Available data:
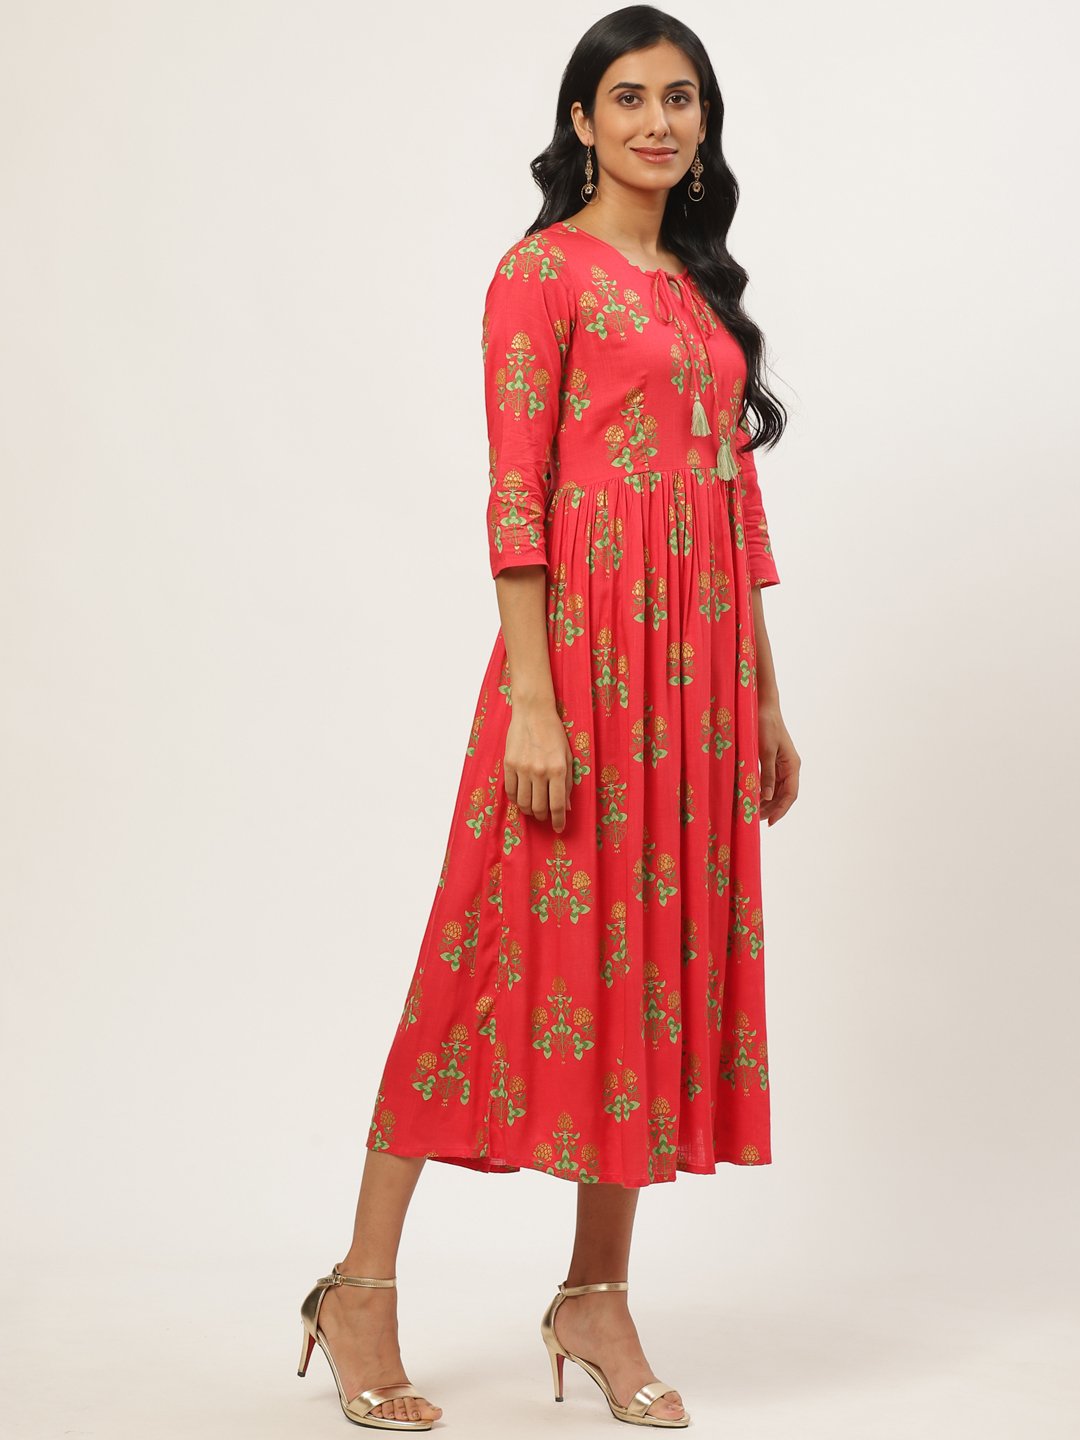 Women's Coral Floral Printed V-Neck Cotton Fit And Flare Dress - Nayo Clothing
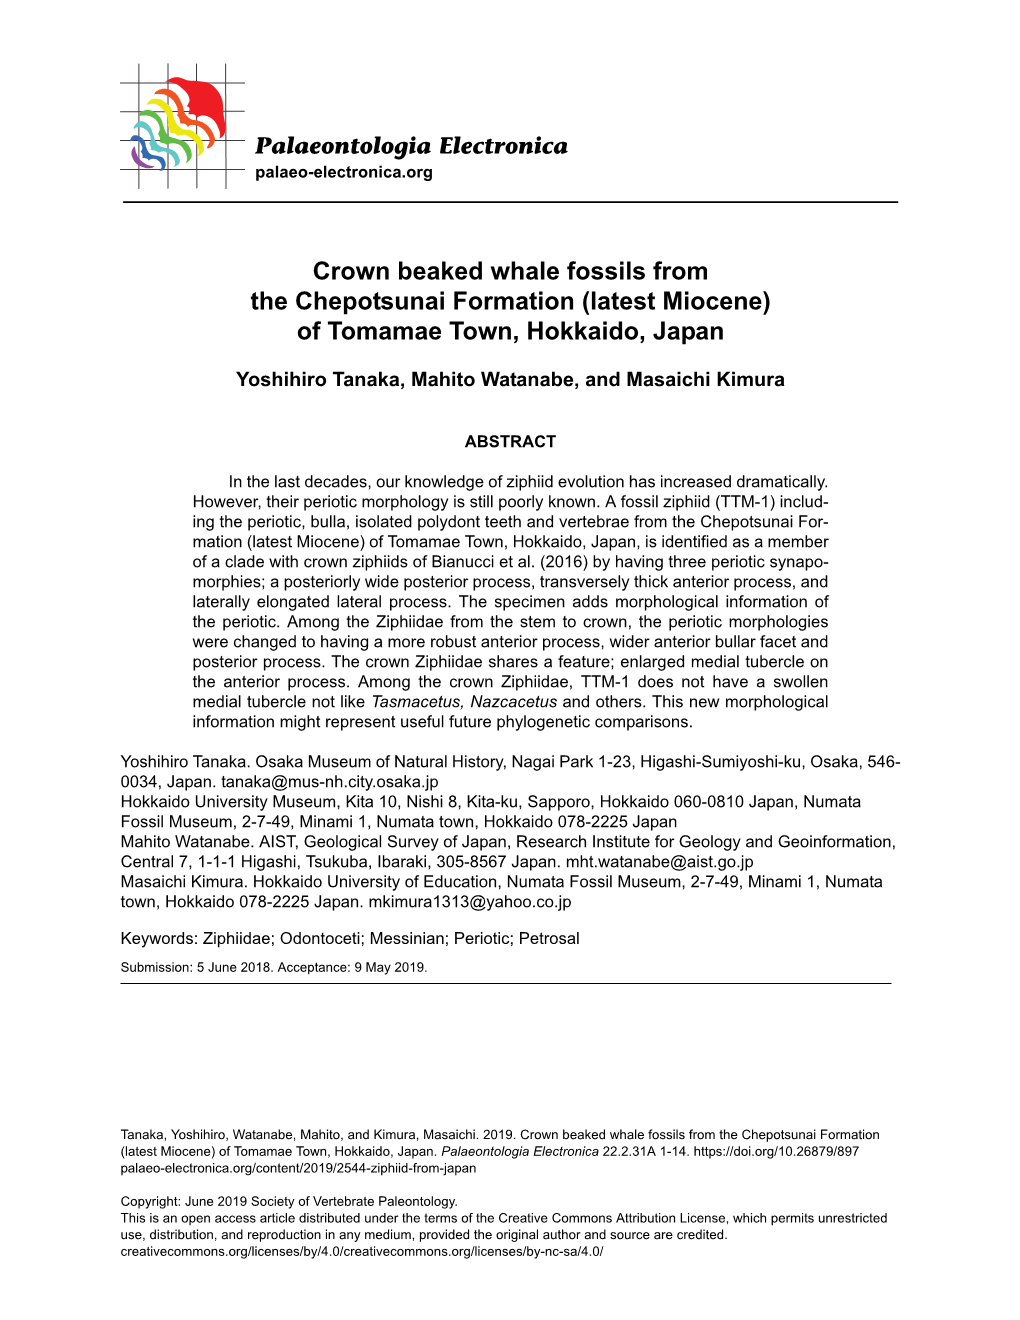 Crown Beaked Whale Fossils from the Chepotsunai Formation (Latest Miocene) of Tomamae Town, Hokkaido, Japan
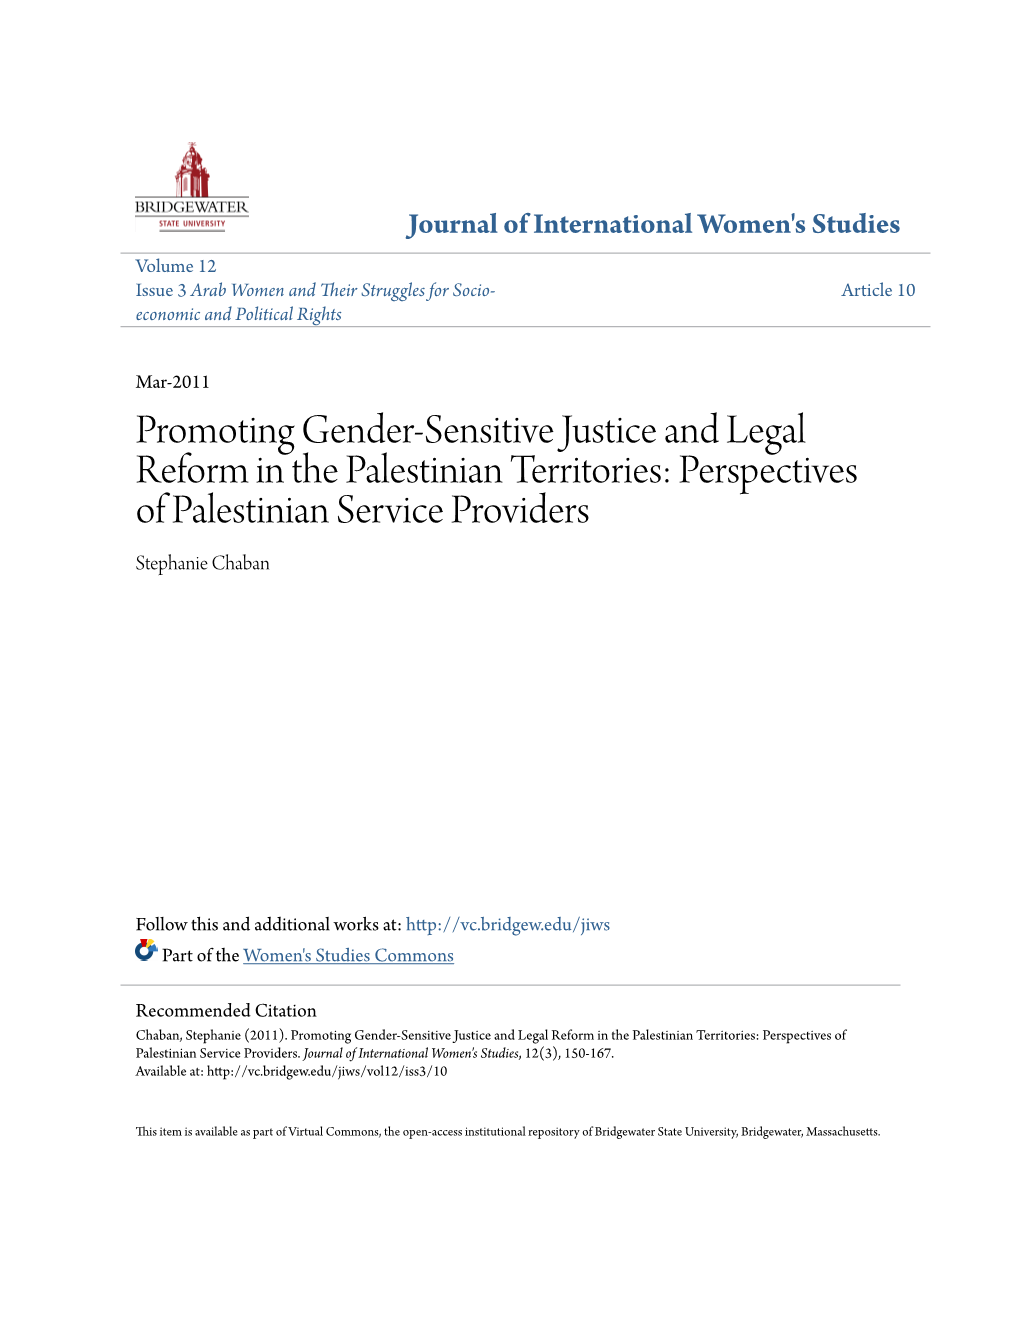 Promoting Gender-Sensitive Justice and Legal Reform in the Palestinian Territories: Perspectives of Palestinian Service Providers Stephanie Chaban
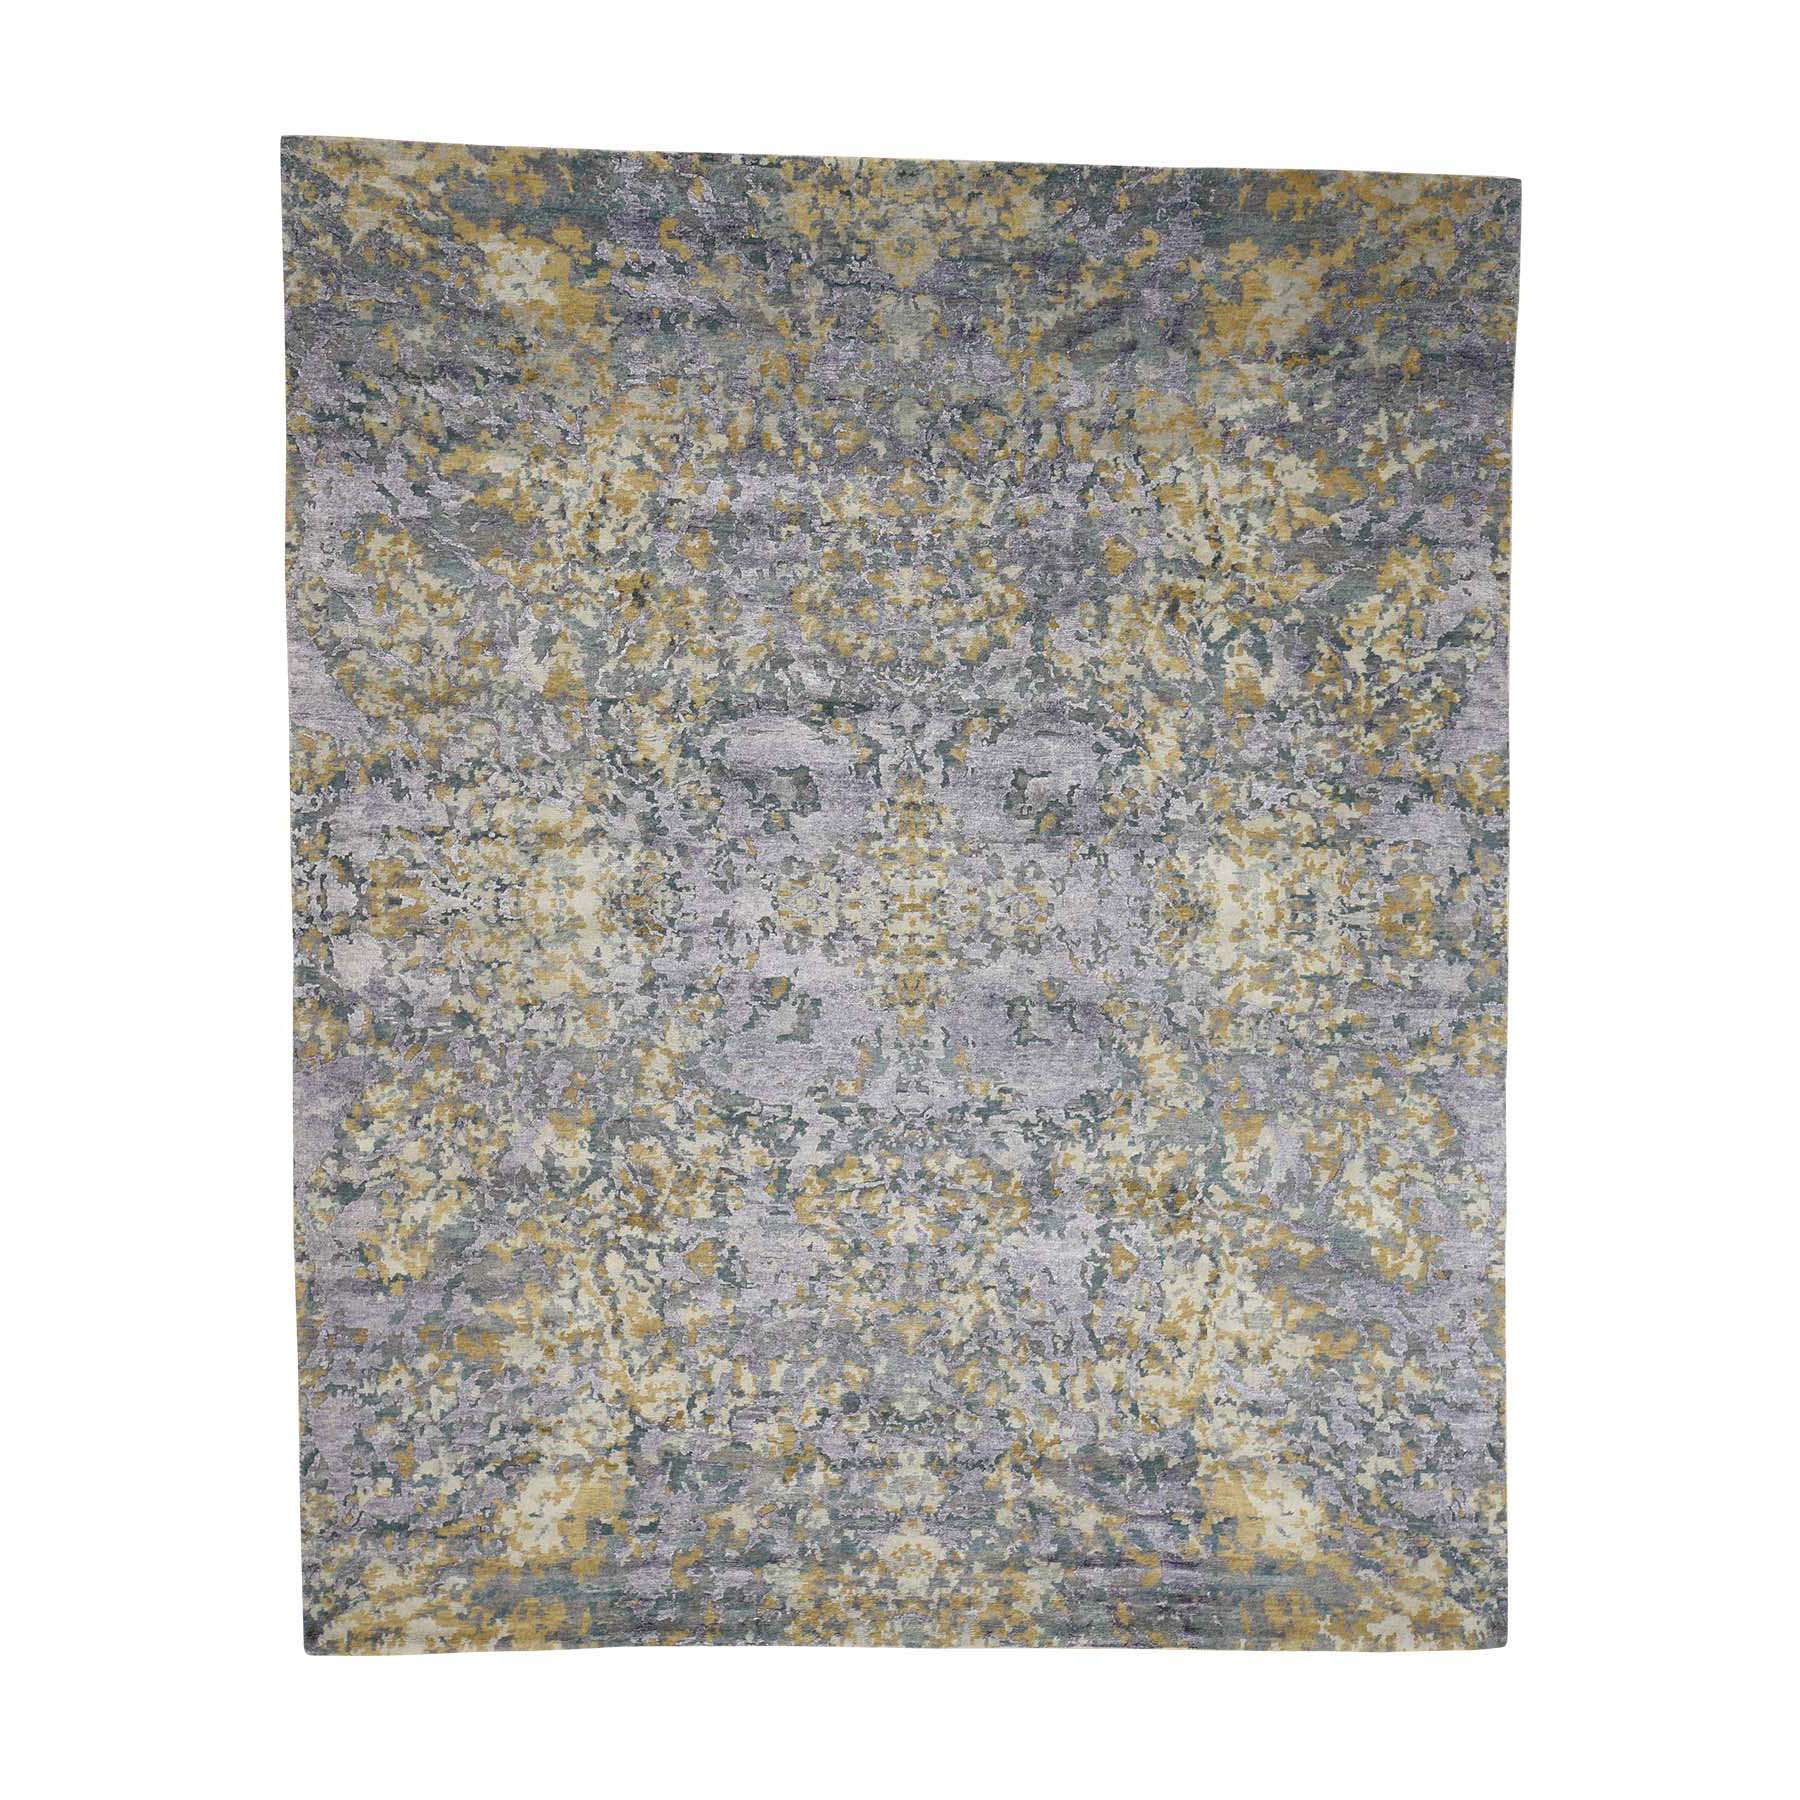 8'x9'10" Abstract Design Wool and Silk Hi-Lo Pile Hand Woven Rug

Description of the task: Your copy of the data above should match it exactly, apart from the images.

Your response:
 Women's Coral Floral Printed V-Neck Cotton Fit And Flare Dress - Nayo Clothing
 Crown Beaked Whale Fossils from the Chepotsunai Formation (Latest Miocene) of Tomamae Town, Hokkaido, Japan
 Promoting Gender-Sensitive Justice and Legal Reform in the Palestinian Territories: Perspectives of Palestinian Service Providers Stephanie Chaban
 8'x9'10" Abstract Design Wool and Silk Hi-Lo Pile Hand Woven Rug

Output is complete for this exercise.